Micron recently started mass production of its HBM3E memory, and HBM production capacity has been basically sold out this year. The company's first HBM3E features 8 layers of stacking and 24GB capacity, with a 1024-bit interface, a data transfer rate of 9.2GT/s, and a total bandwidth of 1.2TB/s.

Memory chip giants start the battle for HBM supremacy! Synopsys industry leaders explain the power consumption challenge

▲美光HBM3E规格(图源:Micron Technology)

Fourth, data centers pay more attention to power consumption, and Micron and Samsung use different ways to reduce memory power consumption

Girish Cherussery said that when HBM first entered the market, Micron reviewed the workloads for which HBM was applicable and decided to target HBM performance to be 30 percent higher than industry demand. "We are future-proof. "A key metric is performance per watt, which is a key power boundary condition. We are focused on ensuring a significant increase in performance per watt. In addition, the customer wanted HBM to be close to the computing unit.

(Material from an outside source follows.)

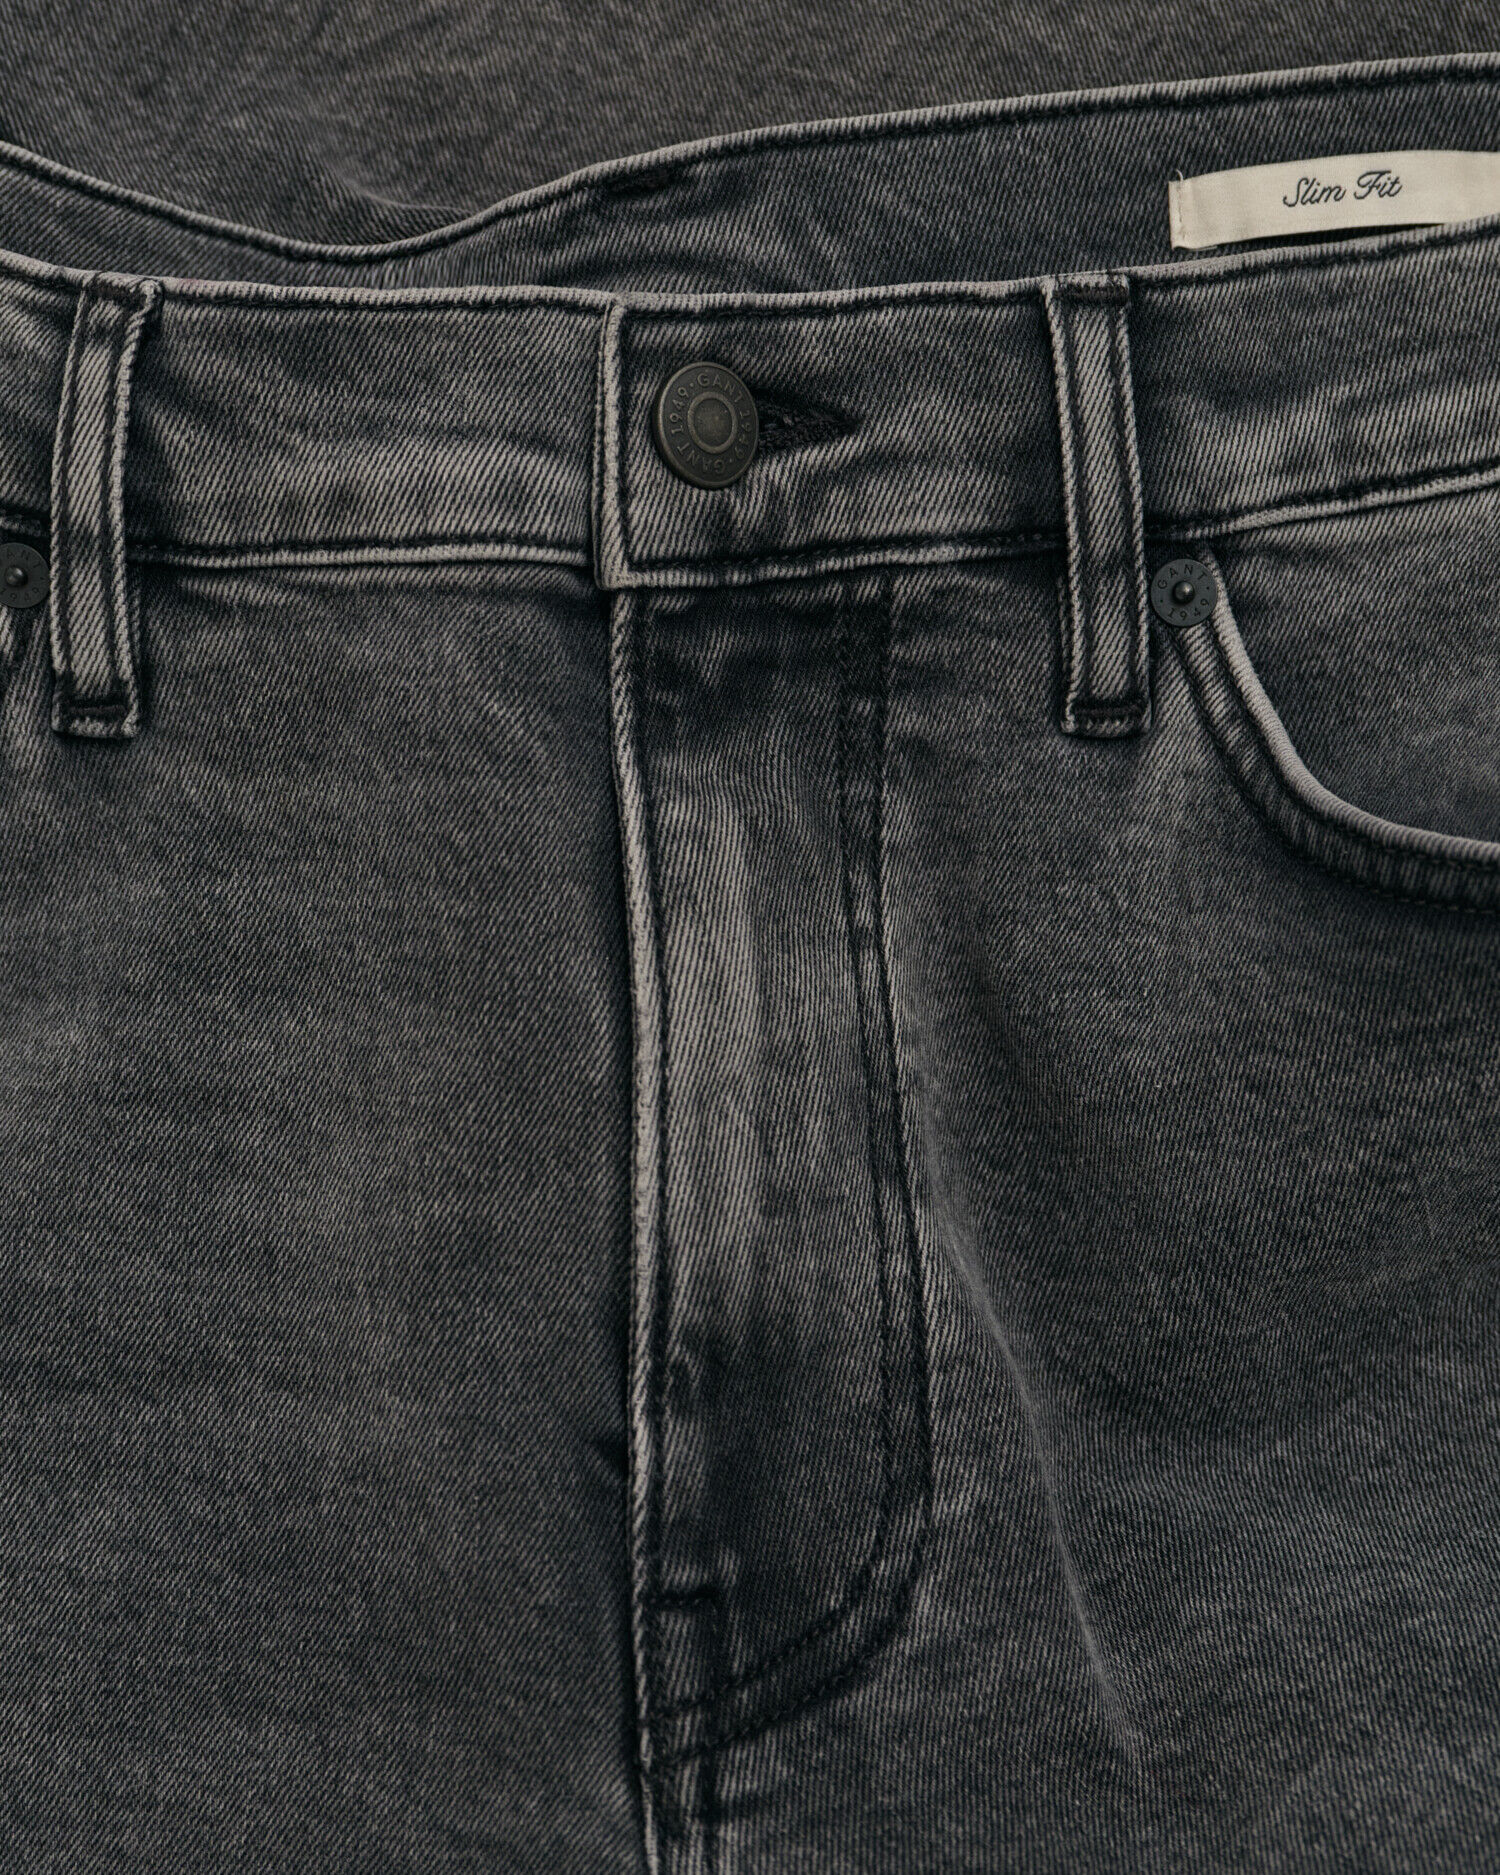 Denim Guide: Washes, Fit & How to Take Care - Farfetch

Cherussery explains that many AI workloads, including large language models, are becoming more memory-constrained rather than computationally constrained. If your server has enough computing power, then server memory bandwidth and capacity can be a limiting factor. AI workloads are putting a lot of pressure on data centers.

In addition, high memory utilization means that memory power is a large consumer of power in data centers, so saving 5 watts of power can improve memory utilization efficiency. More and more data centers are vastifying wattage over server count. Cooling HBM is also an important factor when using HBM because it is a stacked memory. The heat generated by HBM's operation needs to be dissipated.

In addition to bandwidth, power consumption, and overall heat dissipation, ease of integration is the most critical feature of all HBMs. Micron has its own patents that allow it to integrate its HBM into host systems, Cherussery said.

"The industry is ready for HBM3E, which can be easily integrated into systems using HBM. "Our products can be seamlessly integrated into the same socket without any changes." It occupies the same footprint as the previous generation. ”

Higher bandwidth and greater capacity will be the hallmarks of HBM4. With the growth of large AI models, enterprises' requirements for HBM capacity and bandwidth are also increasing linearly.

"The memory industry as a whole is in an interesting phase because there has never been a workload like generative AI and normal AI that is linear with the growth of memory bandwidth and memory capacity. This means that for compute and memory, businesses will have to start thinking about systems that are slightly different from what they used to be. Data centers themselves are becoming increasingly heterogeneous. He said.

Samsung is also witnessing significant growth in heterogeneous computing and more AI-focused services in data centers. Indong Kim, vice president of product planning and business support at Samsung, said, "This growth seems to coincide with the rise of hyperscalers offering both direct and indirect AI solutions. ”

He believes that data centers are evolving to maximize the potential of computing resources for specific workloads, including AI, and that the focus on achieving this potential is DRAM bandwidth and capacity. What's particularly exciting is that heterogeneous architectures with two different types of processors, CPUs and dedicated accelerators, share the same goal in terms of improving memory. He believes that this trend will provide significant growth opportunities for DRAM manufacturers.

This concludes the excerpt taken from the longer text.